▶ Exercise objective:
Exactly as they stand, copy the lines from the one containing "Adidas Chaussure Stan Smith Luxe. 7" to the final line of the data; leave out the pictures.

▶ Given information:
※

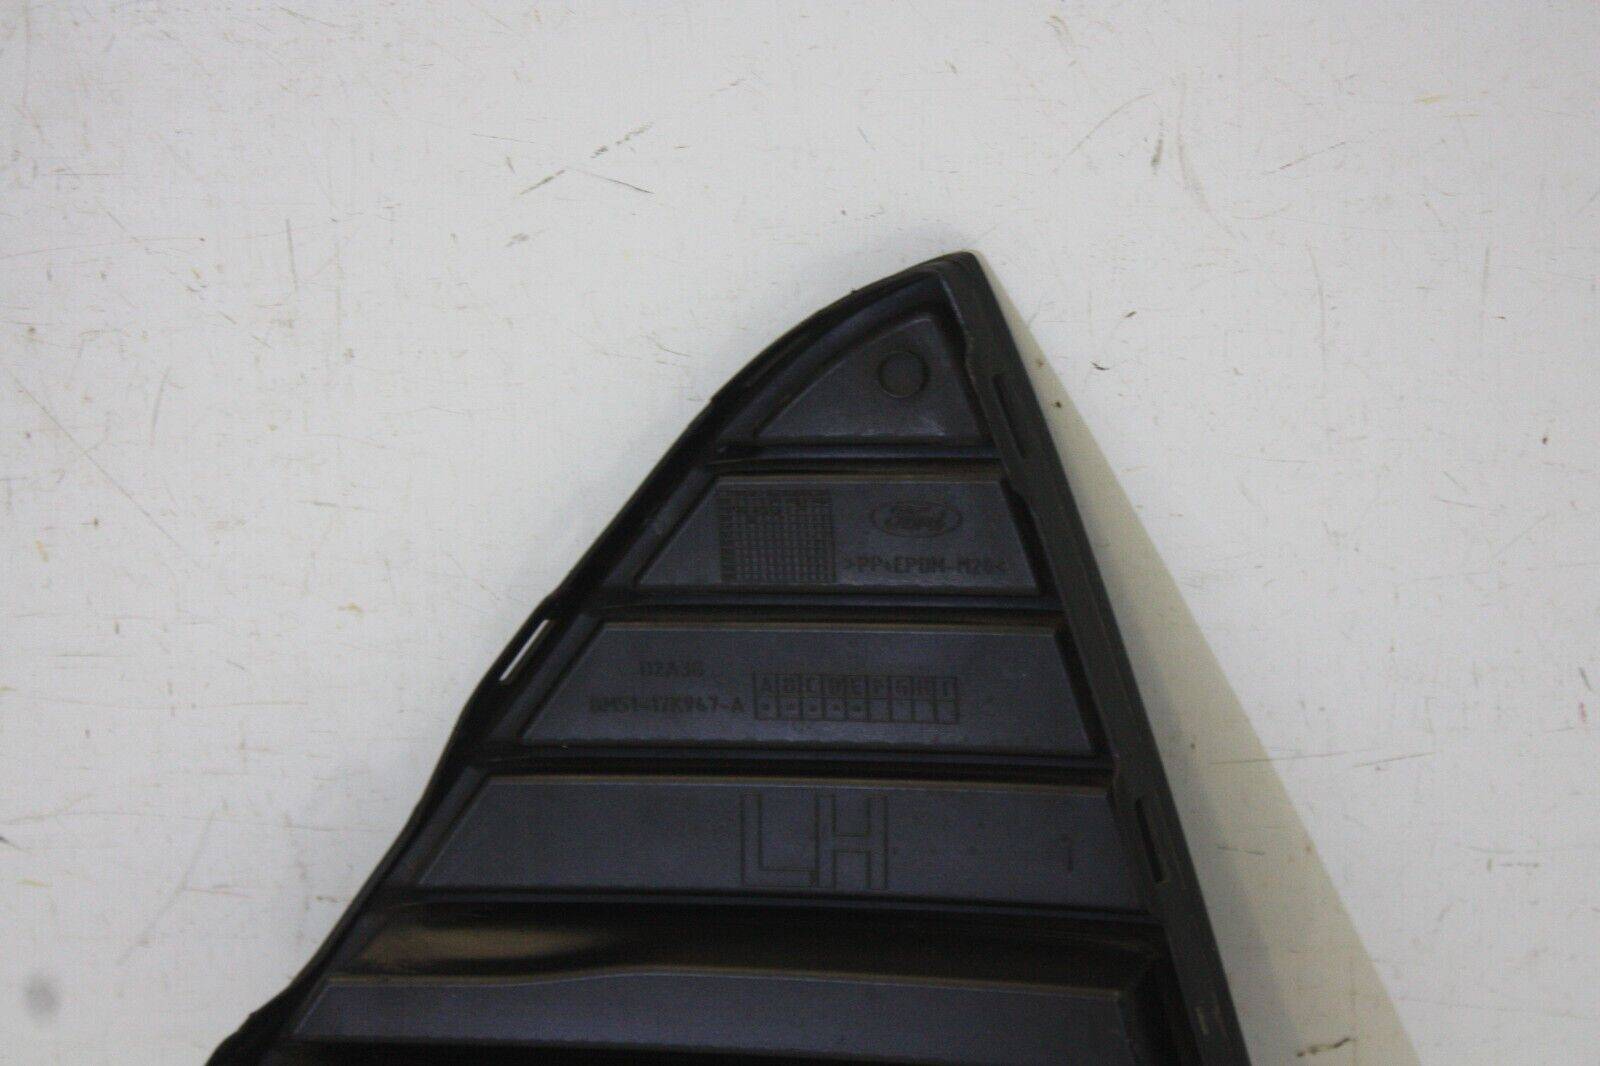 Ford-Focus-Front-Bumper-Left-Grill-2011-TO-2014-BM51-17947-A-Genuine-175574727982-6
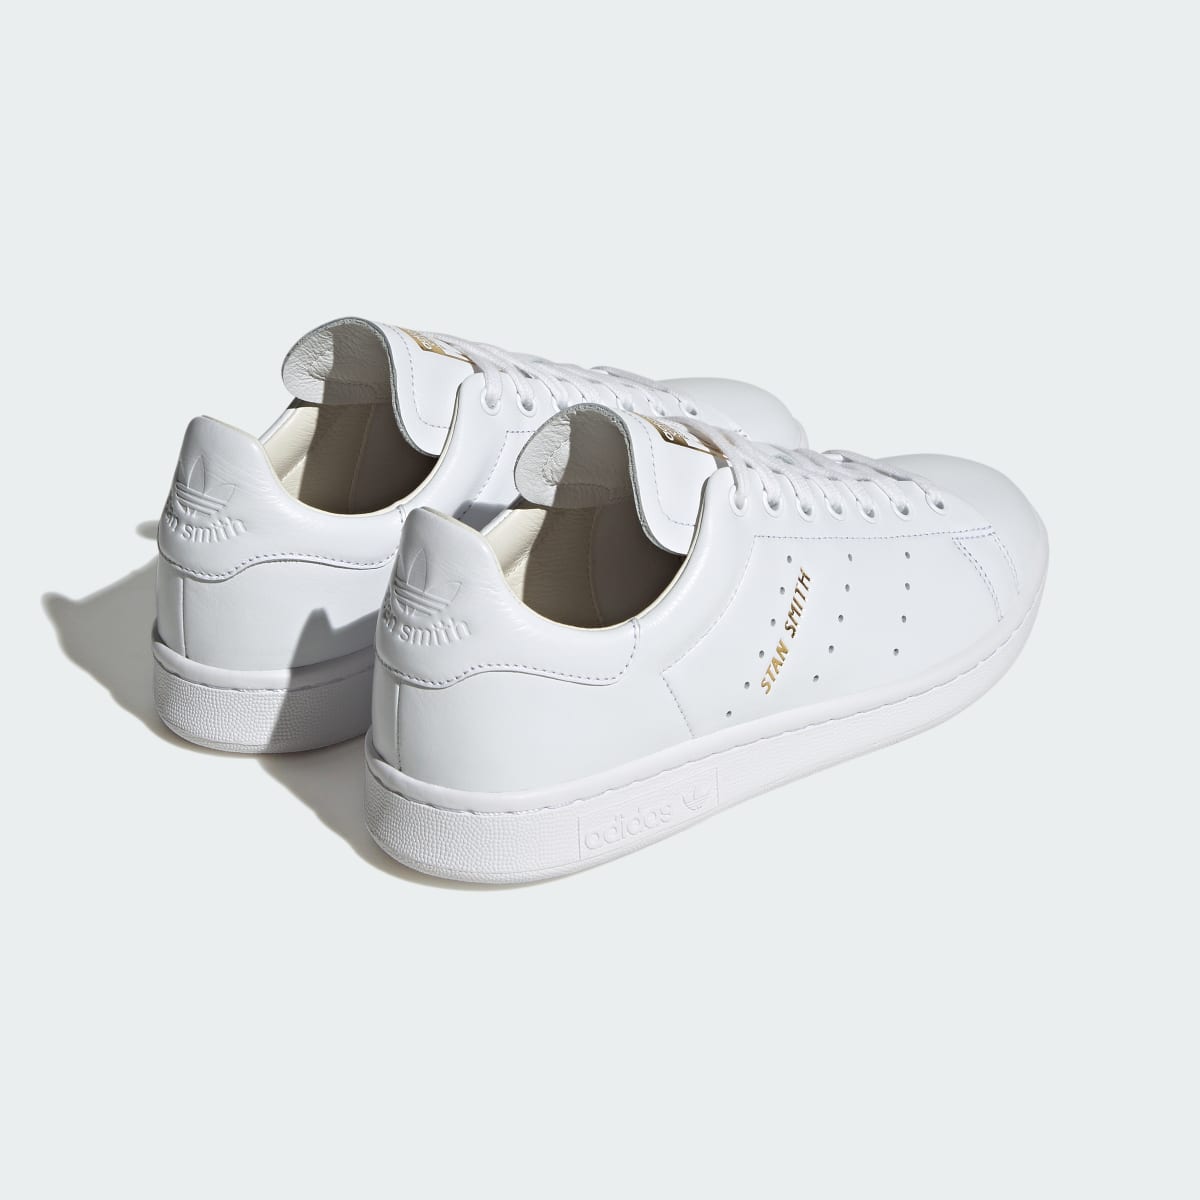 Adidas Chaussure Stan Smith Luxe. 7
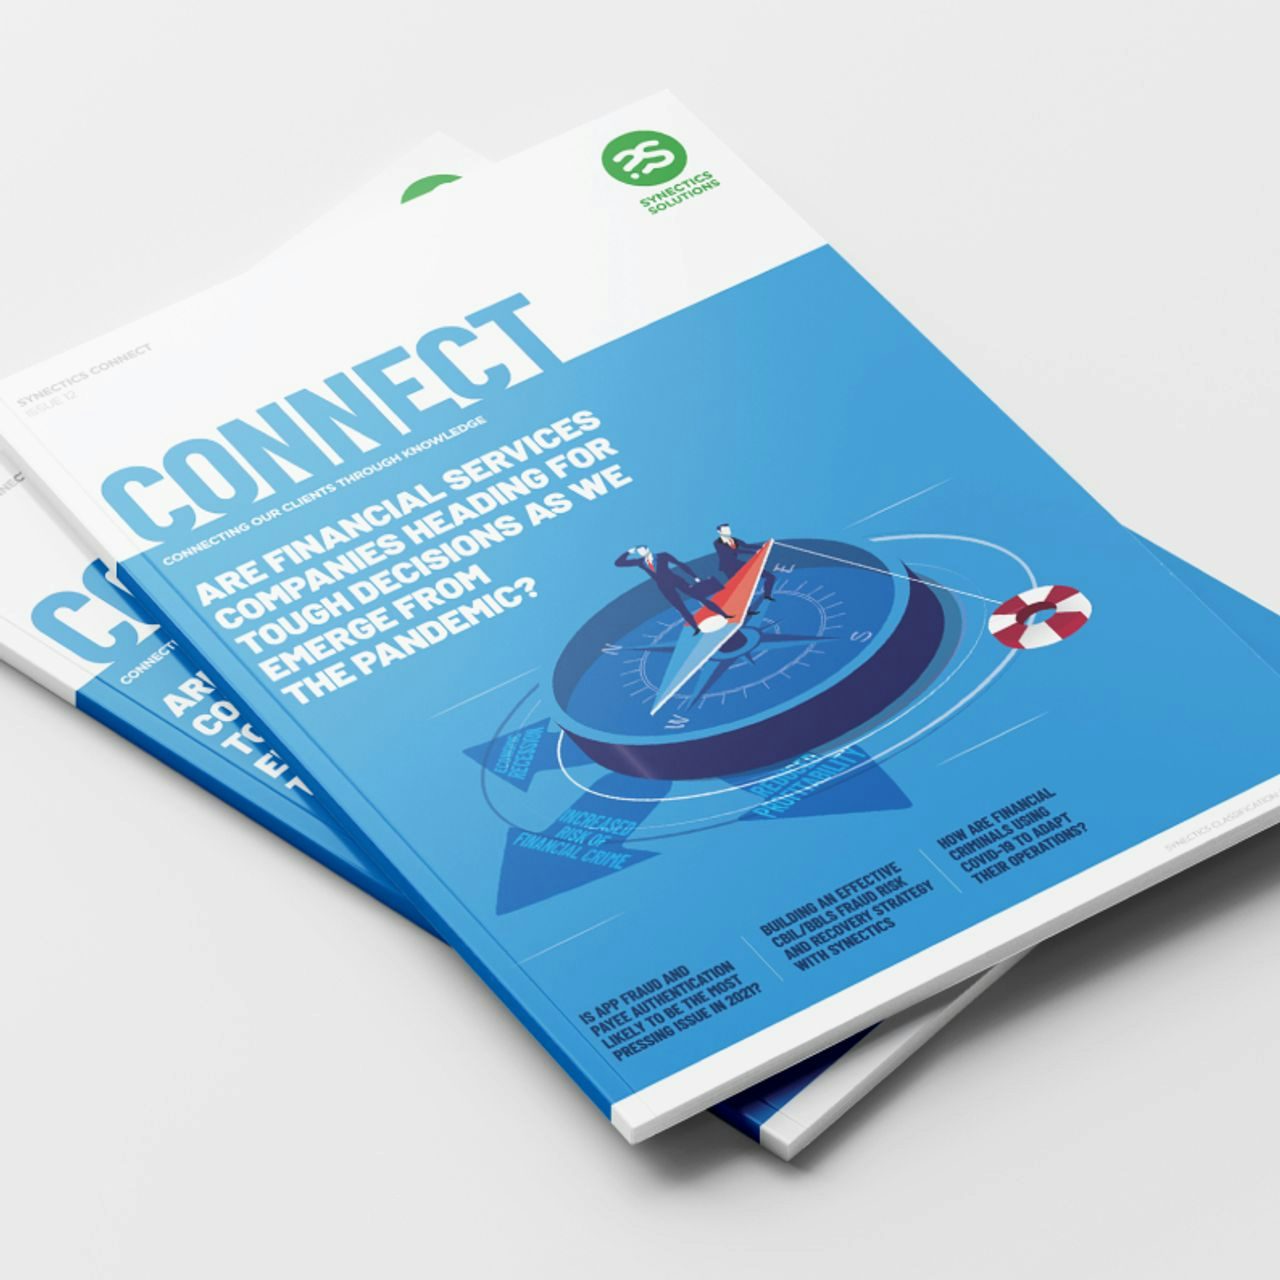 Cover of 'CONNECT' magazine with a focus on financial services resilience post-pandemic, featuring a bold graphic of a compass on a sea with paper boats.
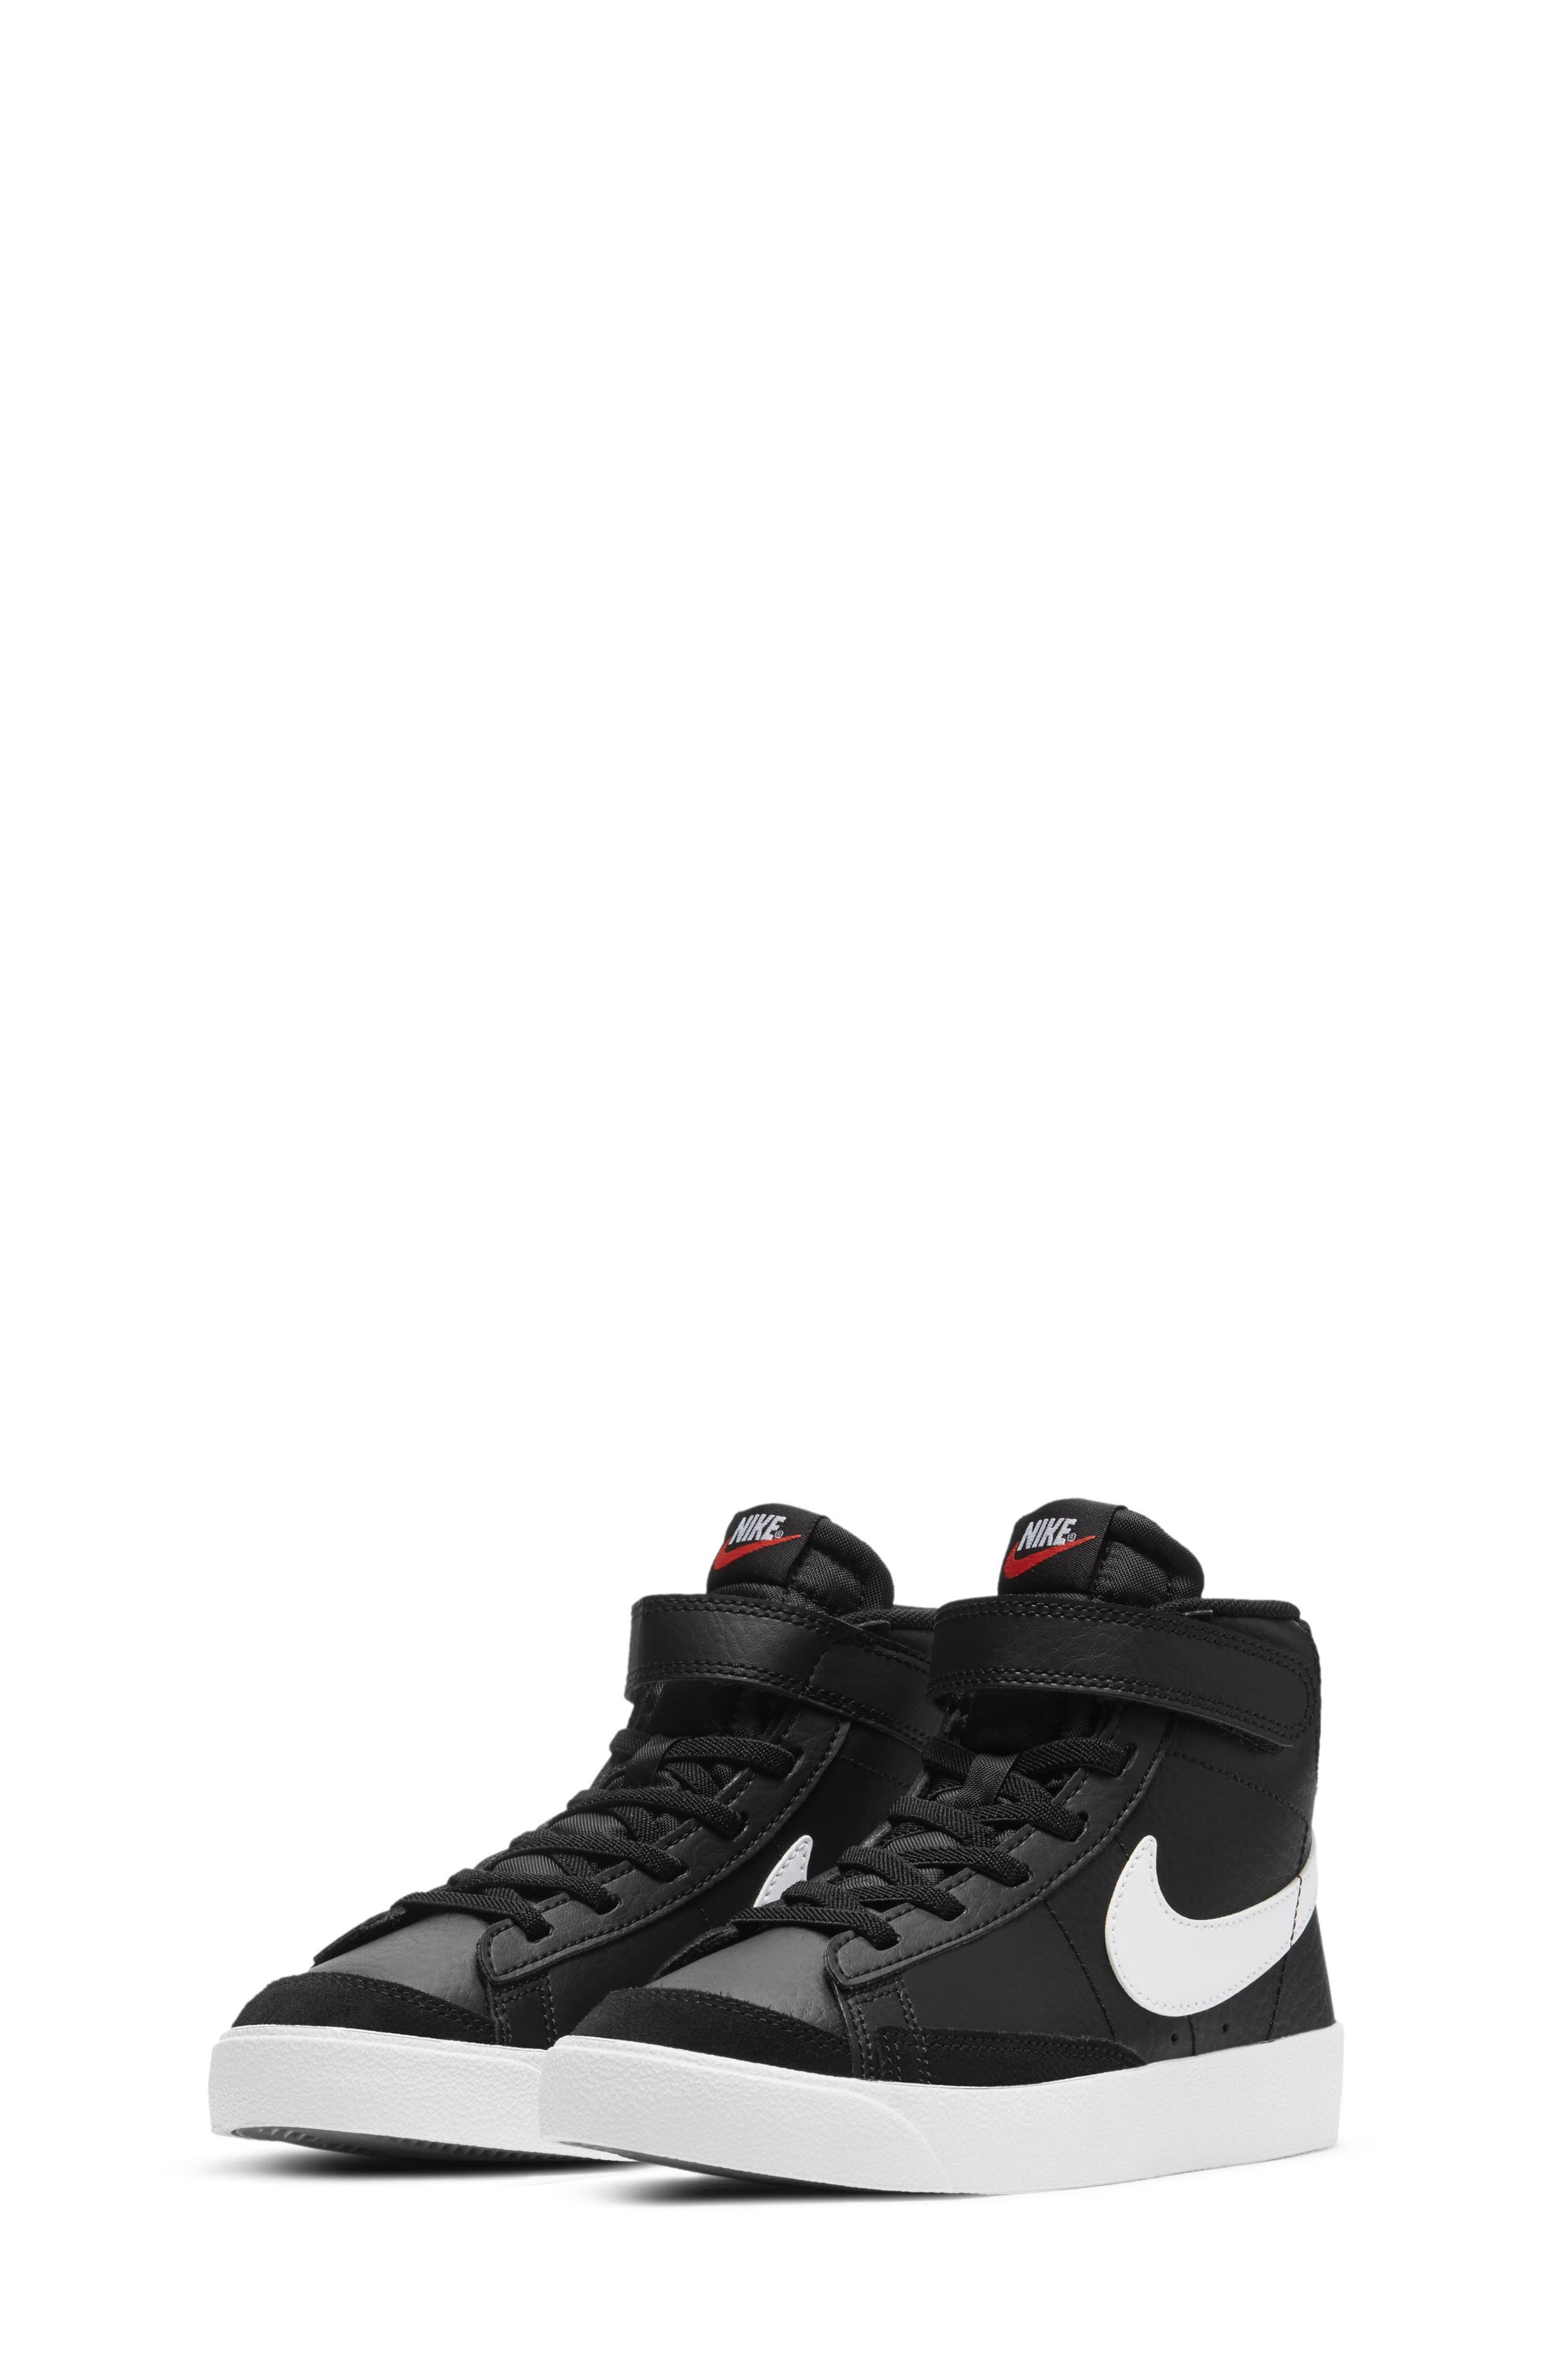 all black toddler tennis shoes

※

▶ Written response:
 Adidas Chaussure Stan Smith Luxe. 7
 Cover of 'CONNECT' magazine with a focus on financial services resilience post-pandemic, featuring a bold graphic of a compass on a sea with paper boats.
 all black toddler tennis shoes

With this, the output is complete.